A major new milestone in Indonesia’s cultural landscape begins with the launch of the inaugural FOTO Bali Festival at Nuanu Creative City. Featuring 34 artists from 10 countries and a total of 32 photography projects (241 prints, 3 multimedia, and 5 photobooks), the festival unfolds over 23 days of exhibitions, workshops, talks, and tours, setting a new precedent for contemporary photography in the region.
“We are extremely art-focused, and the launch of FOTO Bali Festival is particularly interesting to us, as this medium is a striking example of the physical world intersecting with art,” said Lev Kroll, CEO of Nuanu Creative City. “It’s an honor to have such a variety of artists and artworks exploring beauty and curiosities of life. Supporting artists and creating a place of artistic discussion and opening that discussion to our guests and partners is a way to create a meaningful creative space that we are eager to build.”
The theme LIFE was chosen for its openness, for the range of experiences it can hold without needing to be defined. It offered space for artists to reflect on what it means to live, lose, remember and begin again. The works in the festival span grief, intimacy, resistance and renewal each shaped by the personal and cultural contexts they emerge from. As a starting point for the first edition of FOTO Bali Festival, LIFE felt both grounded and expansive.
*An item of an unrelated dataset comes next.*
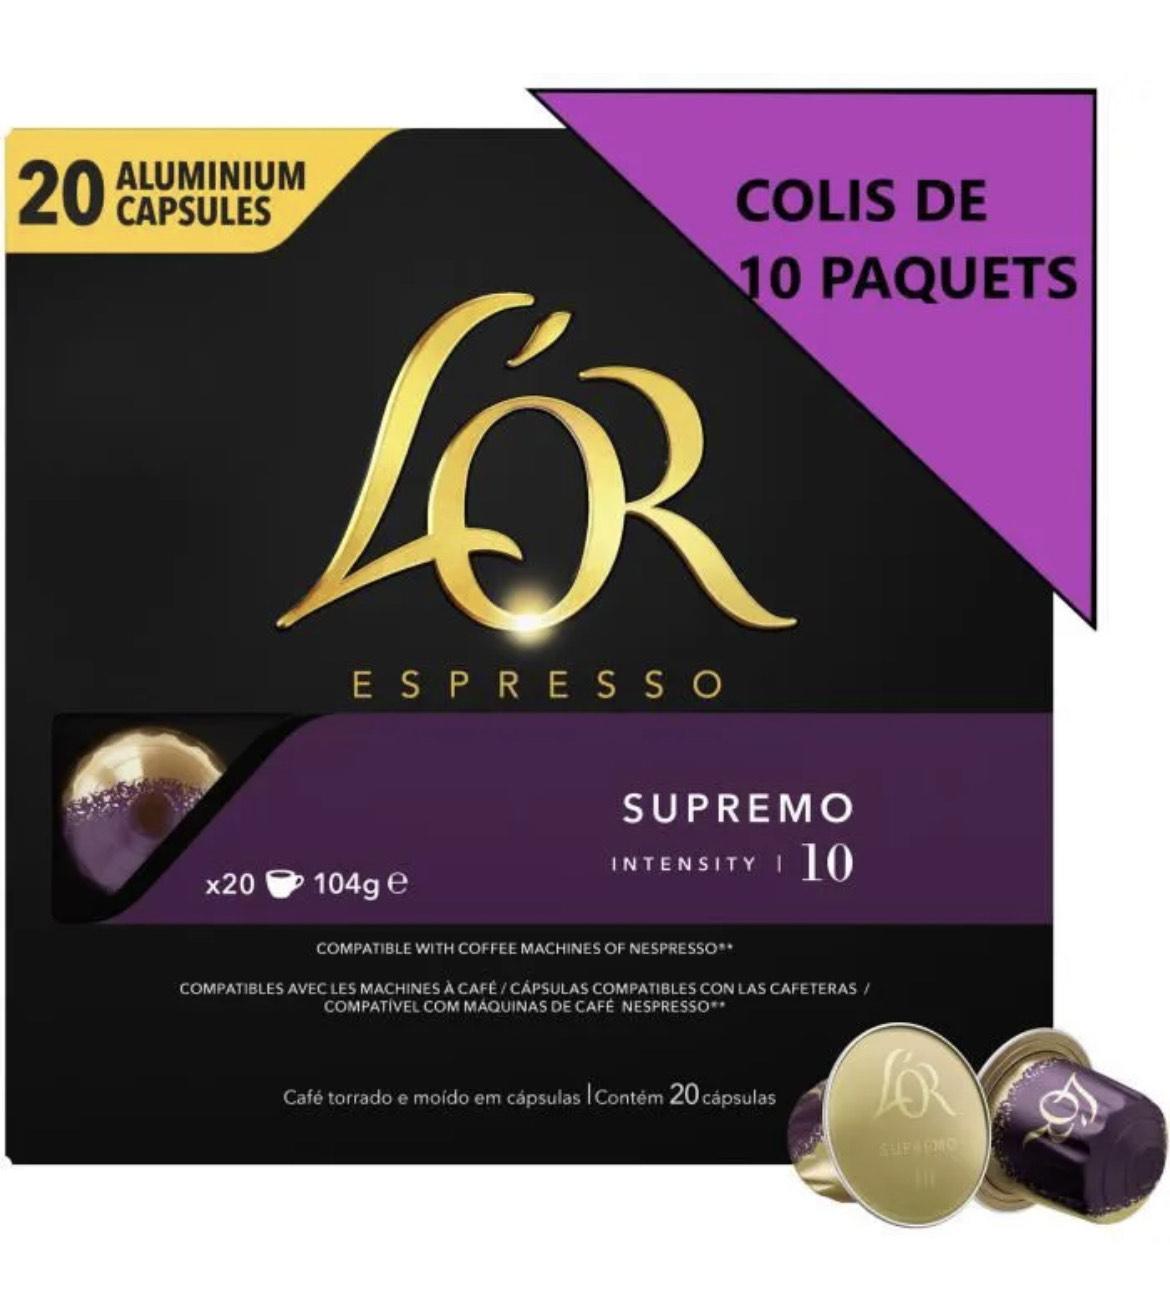 200 capsules de cafés L'Or Espresso Supremo - Intensité 11

“The curatorial process led us to work that holds space for what’s often overlooked,” said Ng Swan Ti and Gatari Surya Kusuma, Curators for FOTO Bali Festival 2025. “We were drawn to artists who stay with uncertainty. The process challenged and asked us to slow down and stay open. What made it possible was Nuanu’s trust, there was no pressure to explain, just freedom to build. That shaped the foundation of this festival.”
The exhibitions take place across three outdoor and indoor venues: Labyrinth Art Gallery, Labyrinth Garden, and Popper’s Triangle, each one designed to offer a distinct entry point into visual storytelling.
FOTO Bali Festival 2025 includes artists from Southeast Asia and beyond, such as:
Ali Monis Naqvi, Arum Dayu, Atal Pamo, Azkaluna, Carolina Krieger, Catharine Neilson, Divya Cowasji, Ennuh Tiu, Gabriella Morton, Gorkey Patwal & Anubha Verma, I Wayan Ade Saputra, Karolina Gembara, Kim Hak, Kresnanta, Lê Nguyên Phương, Mediana Tahir, Rangga Yudhistira & Wulang Sunu, Reza Kutjh, Rivo Abdulhaq, Rony Zakaria, Rugun Sirait, Ryan Andrew, Shindy Lestari, Shwe Wutt Hmon, Sophal Neak, Swastik Pal, Tomasz Lazar, Vickram Sombu, Yoese Mariam, Yoppy Pieter, Yusi Yuansa, and Zishaan A Latif.
“This festival is a reminder of what’s possible when people who care about art come together and truly collaborate,” said Kelsang Dolma, Festival Director of FOTO Bali Festival. “I’m proud of what the team has built—quickly, thoughtfully, and with so much heart. For an inaugural edition, the response has been overwhelming, and it’s only motivated us further. Photography doesn’t always get the space it deserves in this region. This is our way of beginning to shift that.”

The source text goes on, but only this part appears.